# VHI enforcing a 12-month contract?



## sadie (25 Nov 2011)

VHI told me that they are enforcing a 12-month contract now. 
Is this the case for them all, or can you switch health insurers mid year?


----------



## ClubMan (25 Nov 2011)

Is this of any relevance?

[broken link removed]
http://www.boards.ie/vbulletin/showthread.php?t=2056281113


----------



## pj111 (25 Nov 2011)

It is worth doing the maths. Ask them what the charge will be and work out if it is worth incurring the charge to make savings elsewhere. 

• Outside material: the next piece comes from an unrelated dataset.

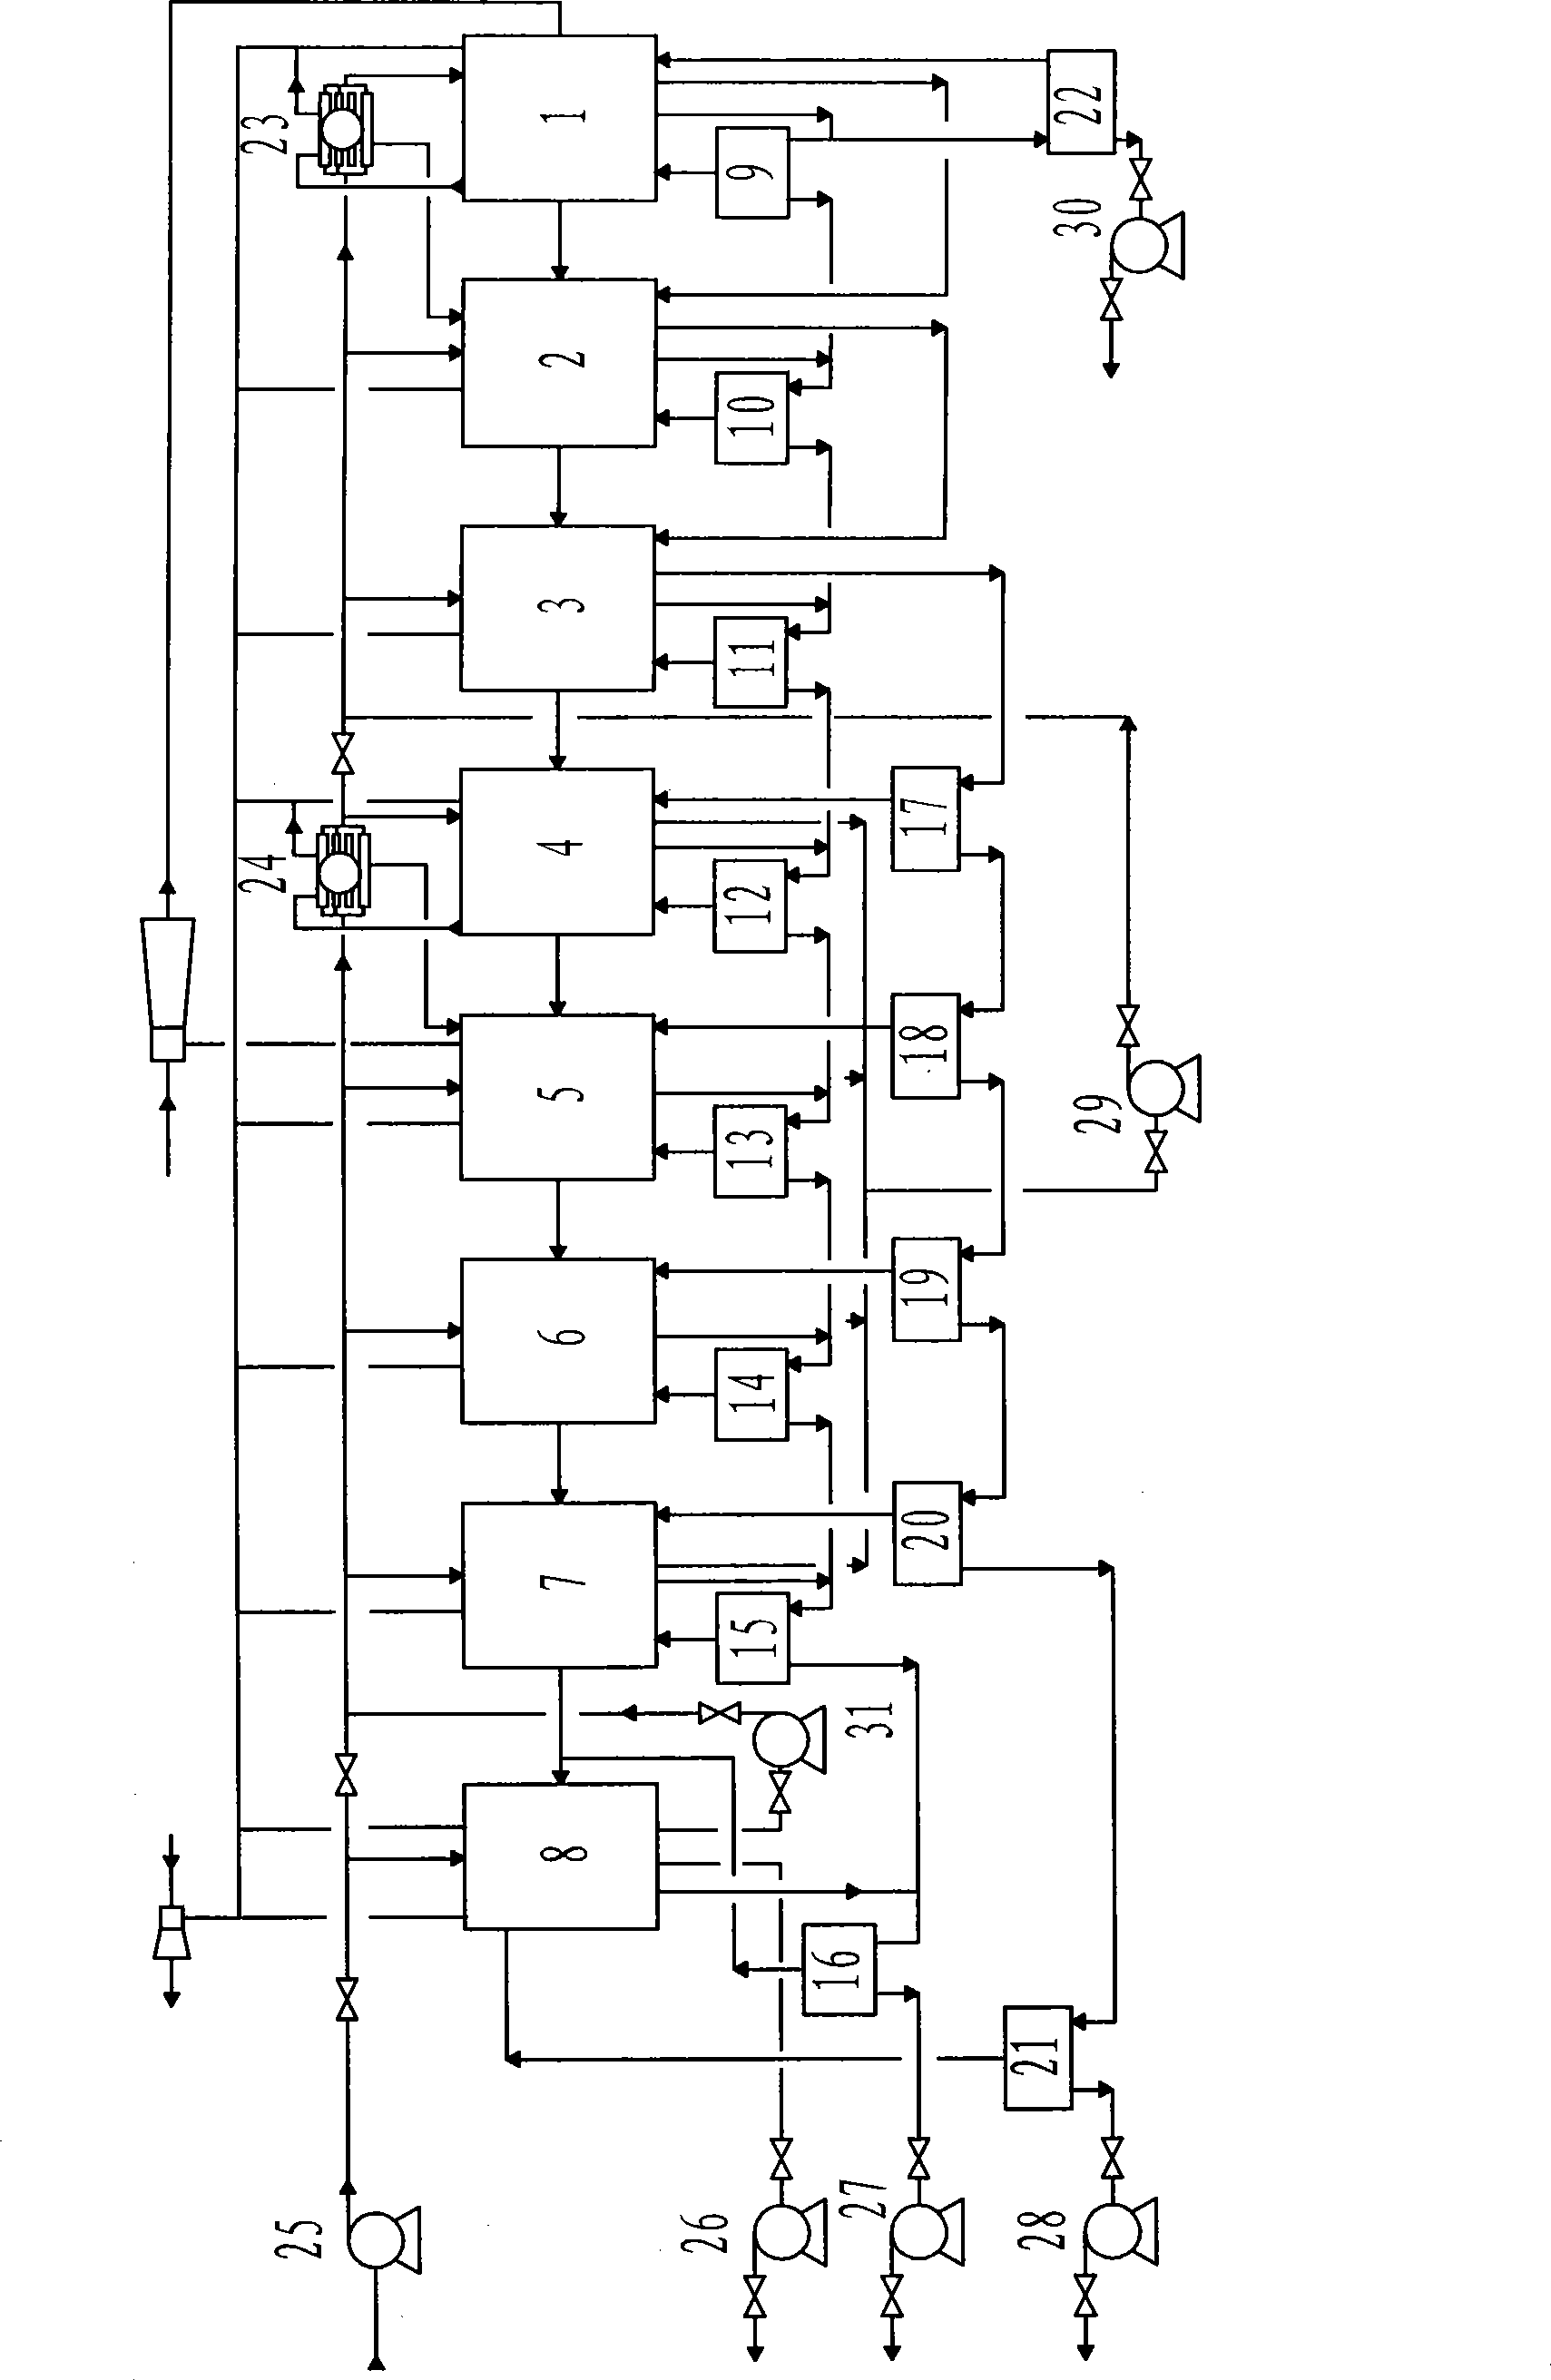 Low temperature multiple-effect distillation seawater desalination system and process flow thereof

I had a customer on this week whose cancellation fee was €150 but she was saving €470 on her new policy.

_Patrick_


----------



## Adam2011 (12 Dec 2011)

Terms and Conditions are getting really sneaky now, one of the principles of health insurance was open enrolement, seems like once you are enroled its hard to leave. I hate companies having clauses like this. This should be regulated what if you could not afford to pay.


----------



## pj111 (12 Dec 2011)

Adam2011 said:


> Terms and Conditions are getting really sneaky now, one of the principles of health insurance was open enrolement, seems like once you are enroled its hard to leave. I hate companies having clauses like this. This should be regulated what if you could not afford to pay.


 

VHI will enforce the 1 year term but the cost of breaking the contract could be worth it to move elsewhere.

_Patrick_


----------



## pj111 (14 Dec 2011)

Adam2011 said:


> Terms and Conditions are getting really sneaky now, one of the principles of health insurance was open enrolement, seems like once you are enroled its hard to leave. I hate companies having clauses like this. This should be regulated what if you could not afford to pay.


 
They told a customer today that if the 20 something kids left the parents policy, the whole policy would be cancelled.

_Patrick_


----------